Monitoring of file access: as suggested by shodanshok, I used
DTrace
and this script to monitor file access. I used it while saving the alread open file, removed unrelated output and personal information, and the result centers around three files:CPU ID FUNCTION:NAME 1 18753 fop_open:entry Open: Workbook 0 18181 fop_create:return Create: temp_1 0 18753 fop_open:entry Open: temp_1 0 18753 fop_open:entry Open: Workbook 0 18753 fop_open:entry Open: Workbook 0 18753 fop_open:entry Open: temp_1 0 18888 fop_rename:entry Rename: Workbook -> temp_2 0 18888 fop_rename:entry Rename: temp_1 -> Workbook 0 18753 fop_open:entry Open: Workbook 0 18753 fop_open:entry Open: temp_2 0 18892 fop_remove:entry Remove: temp_2 0 18753 fop_open:entry Open: Workbook 0 18753 fop_open:entry Open: Workbook
The same procedure on another server where the problem does not occur yields a similar result:
CPU ID FUNCTION:NAME 1 25182 fop_create:return Create: temp_1 1 25750 fop_open:entry Open: temp_1 1 25750 fop_open:entry Open: Workbook 1 25750 fop_open:entry Open: temp_1 1 25750 fop_open:entry Open: Workbook 1 25750 fop_open:entry Open: temp_1 1 25889 fop_rename:entry Rename: Workbook -> temp_2 1 25889 fop_rename:entry Rename: temp_1 -> Workbook 1 25750 fop_open:entry Open: Workbook 1 25750 fop_open:entry Open: temp_2 1 25893 fop_remove:entry Remove: temp_2 1 25750 fop_open:entry Open: Workbook 1 25750 fop_open:entry Open: Workbook 1 25750 fop_open:entry Open: Workbook
I also added timestamps (
walltimestamp
) to the script, but in both cases all file operations take place at the same second. => did not make a difference- Import disks on another host to check if pool fragmentation or disks are faulty => did not make a difference
- Move data and root pool over to identical machine to rule out cabling, mainboard etc. => problem does persist, so must be either the root pool (software) or a specific hardware that is incompatible with the software (or did suddenly become incompatible...)

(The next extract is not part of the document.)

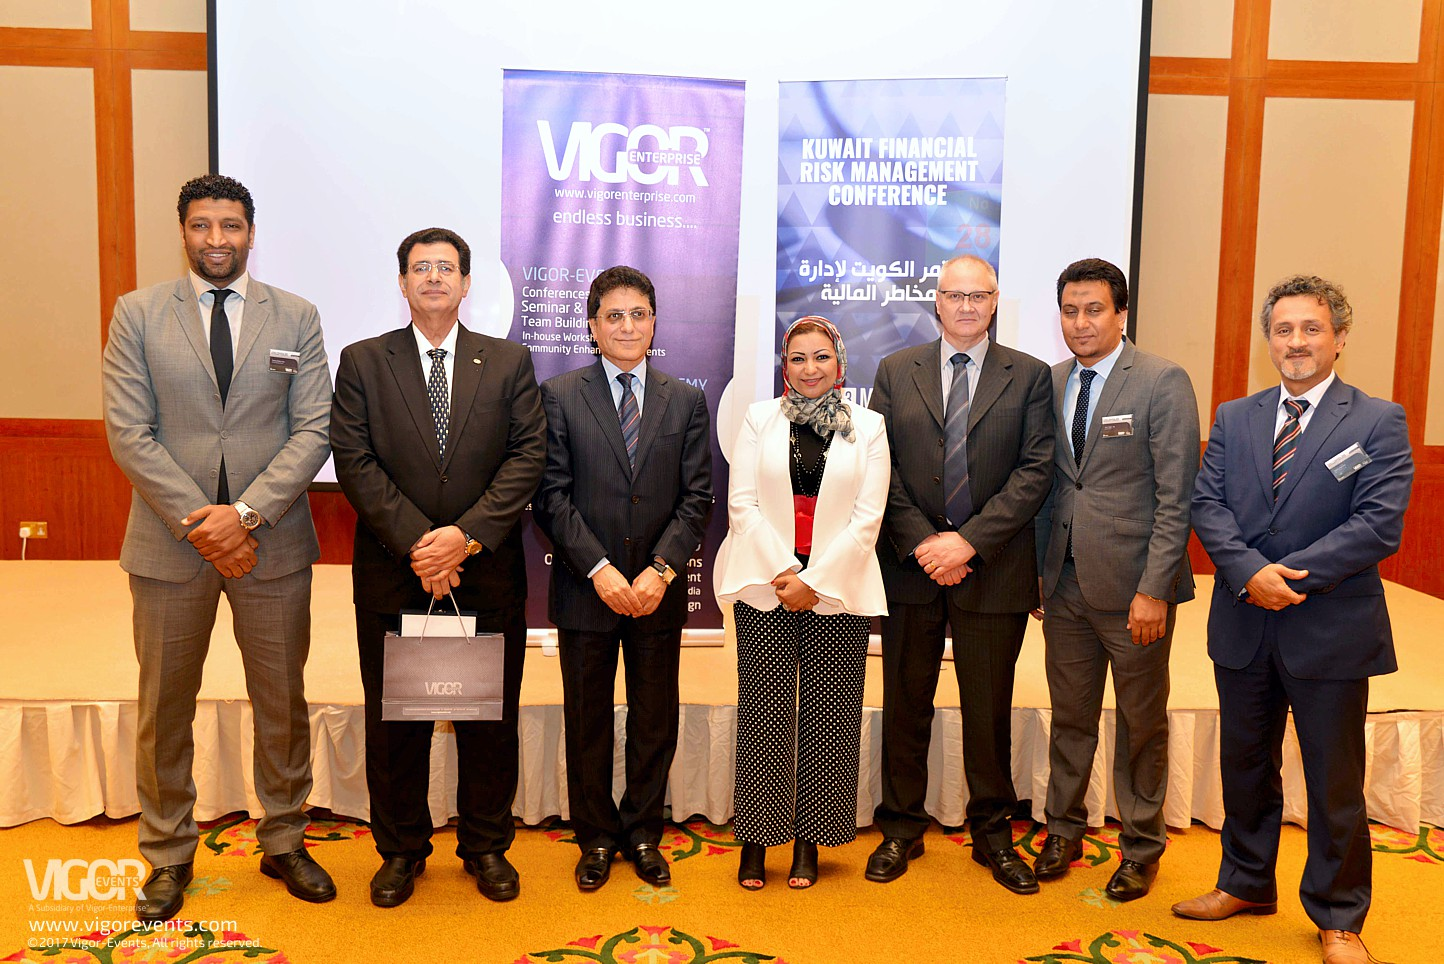 Financial Risk Management Conference

Could you suggest anything else that be be the cause of this behavior? Or did you experience something similar? because I could not find anything helpful online, I suspect it is either a strange hardware problem (because it is limited to one machine) or a problem with Windows/Office.
Solution:
The problem only affects OmniOS r151018, not previous versions. This thread on the omnios-discuss mailing list was exactly about my problem, quote from Geoff:
So,
biteCount++;
I guess. The problem was solved by applying the fix and doing a fast reboot.Lessons for the future: before attempting any troubleshooting, just use the advanced search on the official mailing lists, because most likely your problem already occurred on someone else's machine. Also, spin up a quick VM to rule out any software, updates or configuration errors before looking for hardware errors.
How I got there:
After several different tests as seen in the updated question, I narrowed it down to either software problems or hardware/driver conflicts on the specific hardware. To rule out the second, I installed two fresh OmniOS virtual machines, r151018 and r151016 on another host and configured by hand a basic SMB share on each of them.
The r151018 experienced the problem, r151016 works fine. I suspect I did not notice it in my very first tests, because I only rolled back some updates on r151018, not back to an earlier release. I think the problem must have been existed longer than I assumed.
When looking for a way to only update packages one by one, I looked at the mailing list and searched for
smb
from the last 6 months, where the correct solution/same problem popped up, dated back from May.